I'm with @vancem on this one. We have to be super careful with what gets added to Activity. Activity's main purpose is code "instrumentation" and that code shouldn't have to know about tracer-specific stuff like propagation headers etc.

If baggage is not sufficient for this, we must make sure that this has a general reason of existence - independent of any specification. The W3C spec is not yet finalized and even if it will be, it's "just one spec". It might win, it might not... There might be a new spec (or a new version of this spec) in 5 years.
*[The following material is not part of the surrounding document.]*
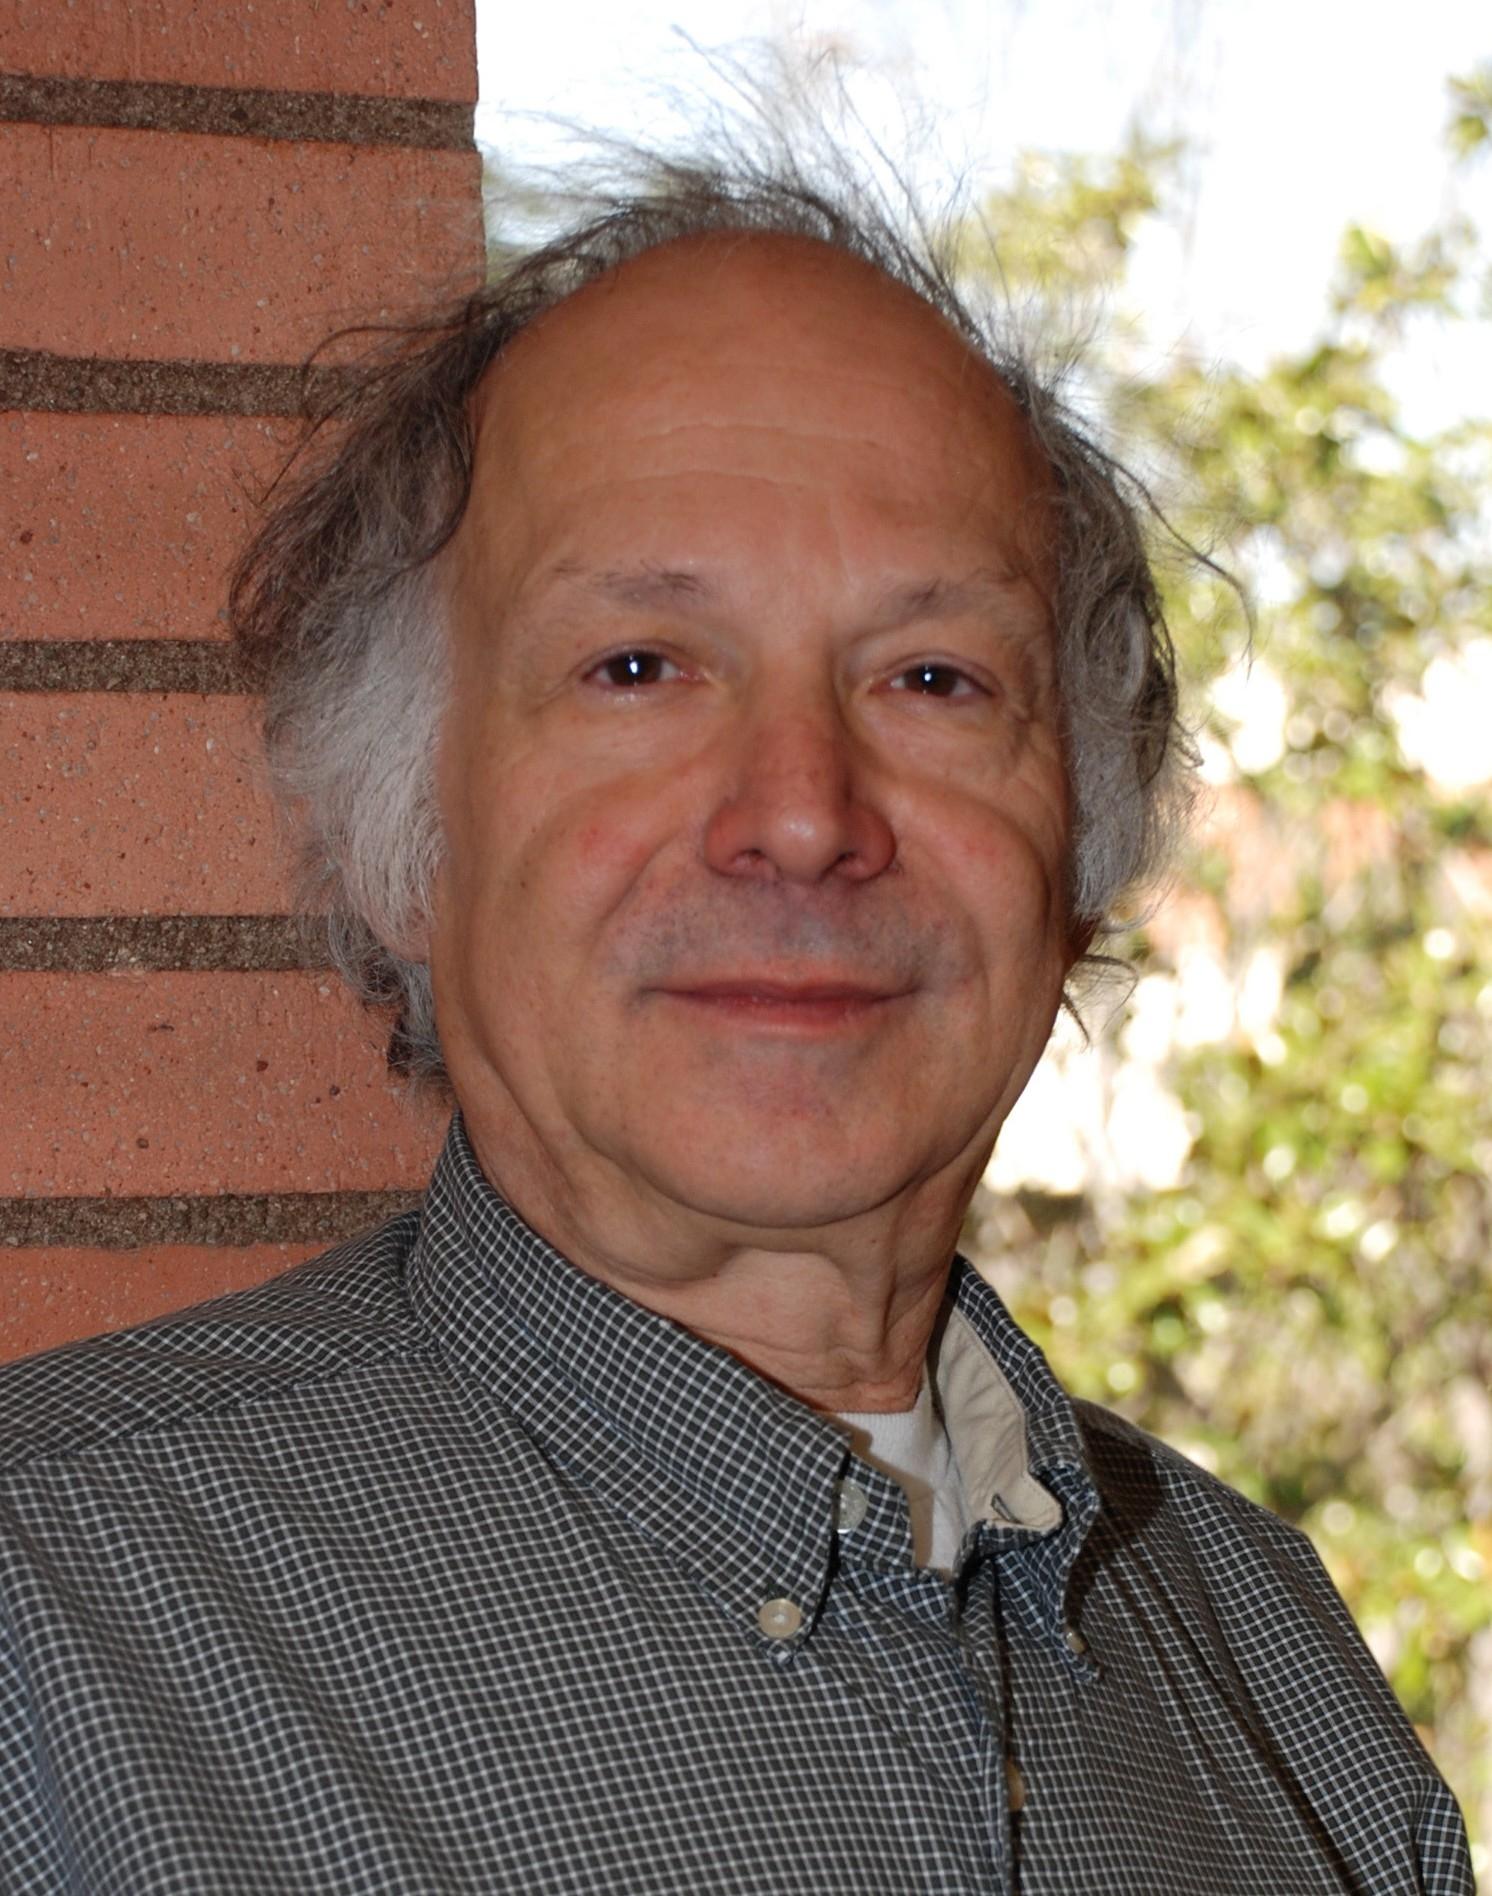 骆思典Stanley Rosen - 美国南加州大学政治系教授,专攻中国政治和社会学。他在台湾和香港学习中文,并在过去的37年中到访中国大陆五十多次。他的课程从中国政治和中国电影到亚洲政治变革,东亚社会,比较政治及政治和电影比较。他是八本书及许多文章的作者及编辑。他撰写了文革,中国法律制度,舆论,青年,性别,人权,中美关系,电影和媒体等话题。其他正在进行的项目包括研究中国青年不断变化的态度和行为以及好莱坞电影在中国和中国电影在国际市场,特别是美国的前景。他是北京师范大学中国文化与国际交流研究所的附属研究学者,上海大学媒体研究中心国际顾问委员,中山大学人文研究中心(台湾)。他曾为美国新闻局,洛杉矶公设辩护处和一些私人公司,律师事务所及美国政府机构担任顾问。

There already are the proprietary Request-Id and Correlation-Context headers which have been hard-coded into the system. This mistake should not happen again. If the .NET framework decides to implement a specification, it should give people a choice to choose whichever specification they want.

codefromthecrypt commented 6 years ago

Baggage has been a liability in practice due to its lack of definition (like ttl), bloat, likelihood of leaking secrets, or abstraction breaking (ex encouraging business code to use tracing apis to do business functionality). It is problems with OT baggage (including entry control, privacy etc) which led to some of the delays in correlation context, ex how to make sure these problems aren't re-introduced under a new name. Many have mentioned baggage was a bit half-baked, if we are talking about OT baggage as opposed to the original.

TLDR I would steer very clear from having request scoping behavior being in any way tainted with OT behavior which in practice is propagate anything forever downstream via headers.

cwe1ss commented 6 years ago

.NET's Activity type is roughly based on OT's Span but it definitely isn't an OT implementation.

I had another look at the W3C spec document. Seems like what we currently have with Baggage more closely relates to W3C's Correlation-Context, right?

But I'm now confused by @SergeyKanzhelev example in this issue where he used sampling-rate as a key. Shouldn't that also be a Correlation-Context value? The W3C spec seems to only talk about vendor-specific span ids in its definition of the tracestate header.

mconnew commented 6 years ago

I know I'm coming late to this game, but I have some questions, some specifically about how this would relate to WCF. The W3C spec only talks about how this pertains to HTTP, but in the discussion there's talk about grpc and amqp. WCF also has it's own protocols so anything that is done has to be transport agnostic.
The W3C spec also quickly breaks down and fails hard when WCF is used. The tracestate can be up to 512 bytes long, and each state item can be up to 513 bytes (256 bytes for key, = character, 256 bytes for the value). Ignoring that off by 1 bug in the spec, you are only guaranteed to be able to have a single item in the tracestate. The whole purpose of the spec is to allow correlation across different tracing technologies. WCF has it's own end to end correlation tracing which if turned on means you have two different logging systems on at the same time (DiagnosticsSource based and WCF'd own tracing). This means you must propagate two tracing states or you will break one of the tracing correlation mechanisms. You aren't guaranteed to be able to do that.
But if this is the correlation standard is the one we are going to hitch our horse to, then there should be an API to manage the data. Otherwise WCF will need to write the parsing code and truncation logic to add our state to the data. But it shouldn't be part of the Activity class, it should be a separate implementation which can handle mutating the state correctly and exposing data strongly typed and have the ability to easily and cheaply import/export the values in a way that it can be added to the baggage as an opaque value. ApplicationInsights can have extra handling to pull the value out of the baggage and put it as it's own http header if needed. Frameworks such as WCF can add it as a SOAP header which carries the baggage transparently so the data flows and if this is the industry winner, add smarter handling later to add our own state.